Holy mouthful Batman! I think that the authors just said that imaging doesn’t tell the whole picture. Healthy people…without pain healthy people…can have the same exact picture as you, only they have no pain! IMAGINE THAT! We know so much more now than 10 years ago, but some of our new knowledge just works to muddy the picture of the pathoanatomical model (saying that we know which tissue is the problem).

 

  1. “In studies of patients with clinical symptoms of lateral hip pain…atrophic changes in the gluteus minims and medius in 40% of the hips”

 

If your hip hurts, you may not use it as well (otherwise known as limping), which may cause a further problem with the muscles.
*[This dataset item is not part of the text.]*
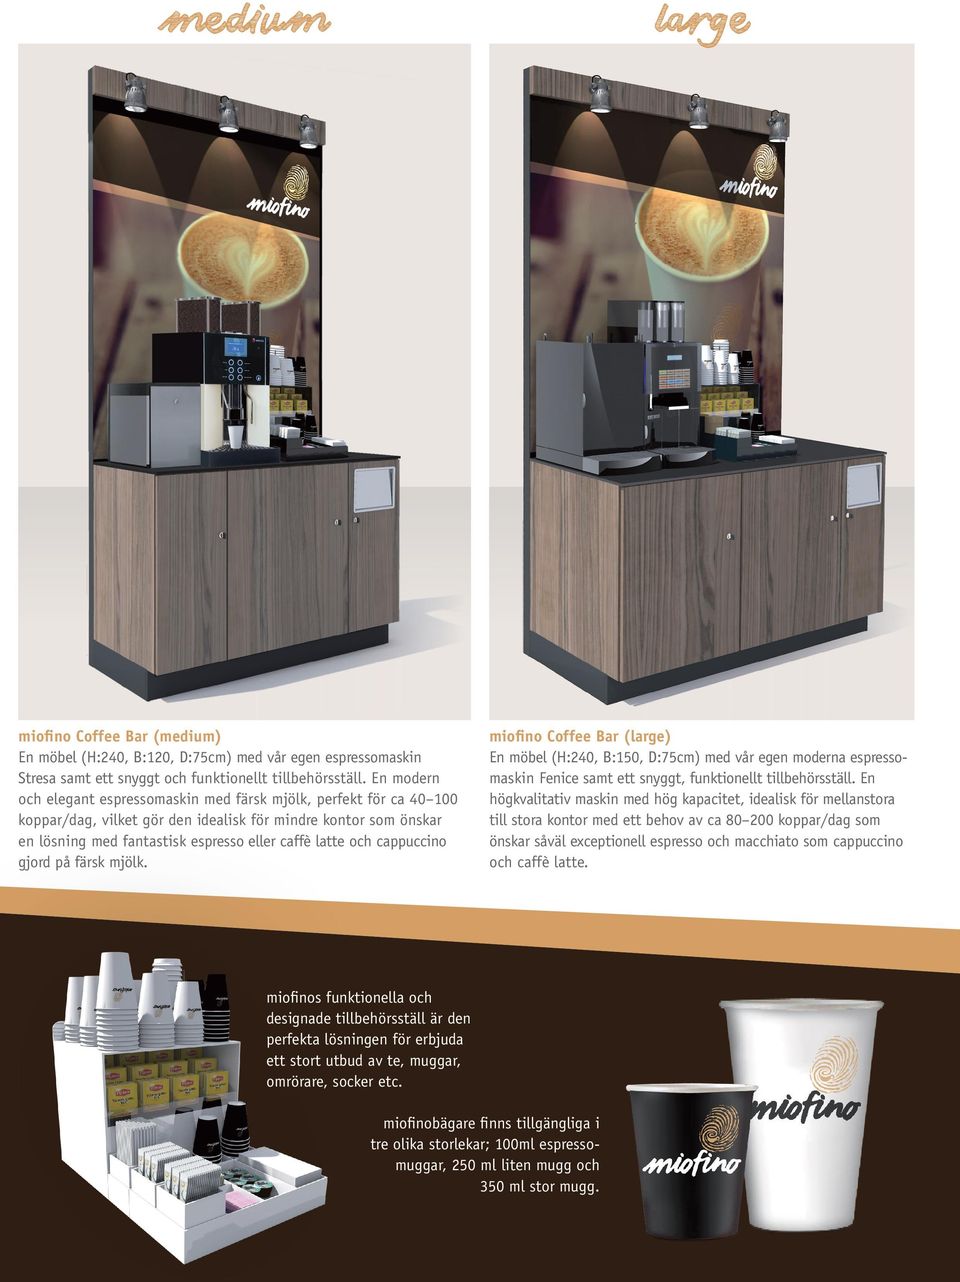 cappuccino gjord på färsk mjölk. miofino Coffee Bar (large) En möbel (H:240, B:150, D:75cm) med vår eg moderna espresso maskin Fice samt ett snyggt, funktionellt tillbehörsställ.

This is just speculation, but the authors already speculated that hip pain causes back pain…so I feel justified.

 

  1. “The authors of a recent article have demonstrated that five 45-second isometric quadriceps contractions held at 70% of a maximum contraction provided almost complete relief of patellar tendon pain, immediately and for at least 45 minutes”

 

I find this study fascinating because based on MDT principles, maybe it wasn’t the force or the prolonged hold, but simply straightening out a knee that is typically bent. I’ll have to find the study and see if the authors of that study actually tried to classify the patients before giving the treatment.

 

  1. “Increases in night pain may indicate that the load has been too high and needs to be adjusted. Once each level of tensile load is well tolerated, the load should be slowly increased and the response monitored to maximize structural change in the musculotendinous unit, while avoiding or minimizing pain exacerbation. “

 

DON’T BE A MEATHEAD! Hi…my name is Vince and I am a meathead. I say this with love. If you do too much, you will create a chemical response in your body called INFLAMMATION (read it with the menacing voice like in the commercial for heinous diseases…like erectile dysfunction). If you do too much, you will hurt. The funny thing is that you won’t know you’ve done too much until you’ve actually done it. It’s like a new graduate not getting a job because they need 3 years of experience. The only way to get there is to get there.

 

EXCERPTS TAKEN FROM:

 

Grimaldi A, Fearon A. Gluteal Tendinopathy: Integrating Pathomechanics and clinical Features in Its Management. J Orthop Sorts Phys Ther. 2015;45(11):910-922.